Also applies to: 80-84


132-140: Narrow the broad exception catch in test main

Catching Exception masks failures. Either let exceptions bubble or catch AssertionError explicitly.

-    except Exception as e:
+    except AssertionError as e:
         print(f"\n❌ Test failed: {e}")
         import traceback
         traceback.print_exc()
deploy/docker/test_error_handling.py (2)

134-134: Drop unnecessary f-string

No placeholders.

-    print(f"✓ JSON serialization successful")
+    print("✓ JSON serialization successful")

162-165: Avoid blind Exception catch in test main

Let errors surface or catch specific exceptions to keep failures actionable.

-    except Exception as e:
+    except AssertionError as e:
         print(f"\n❌ Error handling test failed: {e}")
         import traceback
         traceback.print_exc()
deploy/docker/result_normalizer.py (5)

114-124: Honor SingleResult protocol in normalize_single_result

Leverage the protocol you defined rather than only duck-typing Pydantic.

-    if hasattr(result, "model_dump"):
+    if isinstance(result, SingleResult):
+        result_dict = result.to_dict()
+    elif hasattr(result, "model_dump"):
         result_dict = result.model_dump()

69-73: Raise TypeError for unsupported async-generator input

TypeError better communicates invalid input type.

-        raise ValueError("Async generators must be handled by caller with async collection")
+        raise TypeError("Async generators must be handled by caller with async collection")

51-54: Silence ARG001 by using underscore for unused singledispatch arg

Cleaner signature for the None-branch.

-@normalize_results.register
-def _(results: type(None)) -> List[Any]:
+@normalize_results.register
+def _(_: type(None)) -> List[Any]:

5-11: Prefer collections.abc.Iterable over hasattr('iter')

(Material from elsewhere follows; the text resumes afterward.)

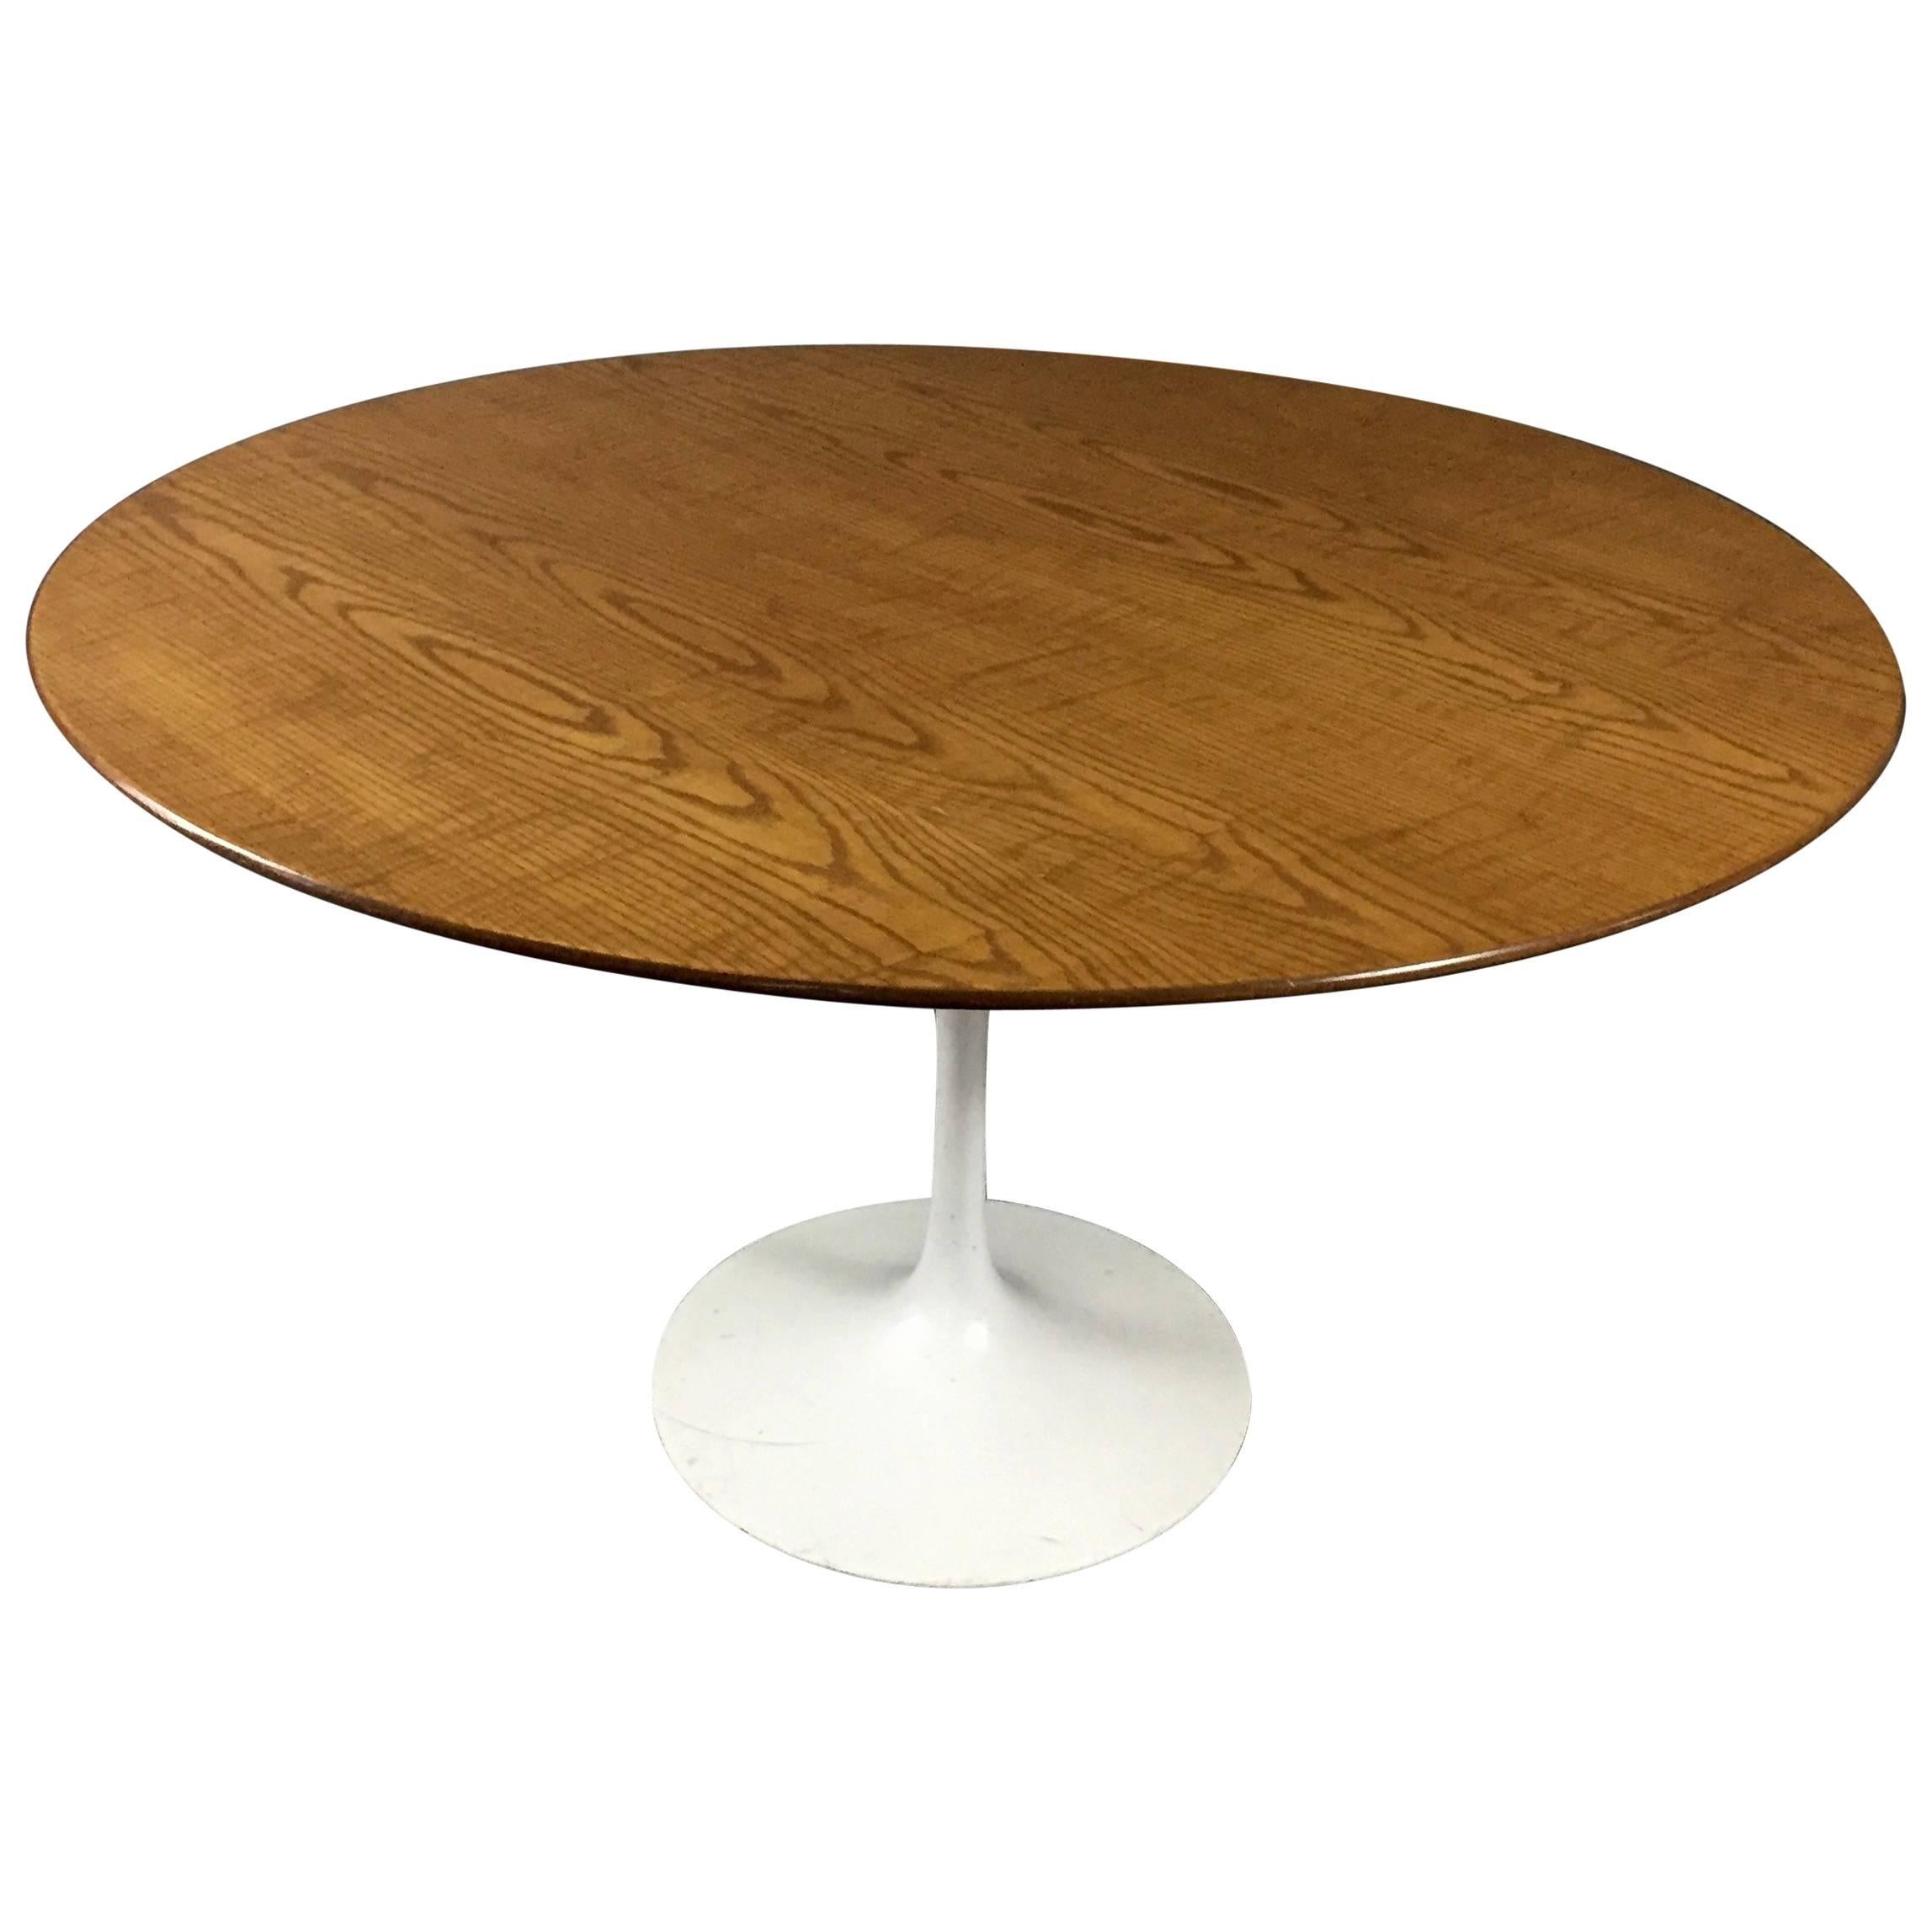 20th Century Oak Dining Table, Tulip Base For Sale

Runtime isinstance against collections.abc.Iterable avoids string matching and satisfies linters.

 import os
 import pathlib
 from base64 import b64encode
 from datetime import datetime, date
 from functools import singledispatch
 from typing import List, Any, Union, AsyncGenerator
+from collections.abc import Iterable as IterableABC
@@
-    if hasattr(results, '__iter__') and not isinstance(results, (str, bytes, dict)):
+    if isinstance(results, IterableABC) and not isinstance(results, (str, bytes, dict)):
         try:
             return list(results)

Also applies to: 75-79


15-20: DRY: reuse datetime_handler from utils

Avoid duplicating datetime handling logic; import the existing helper for consistency.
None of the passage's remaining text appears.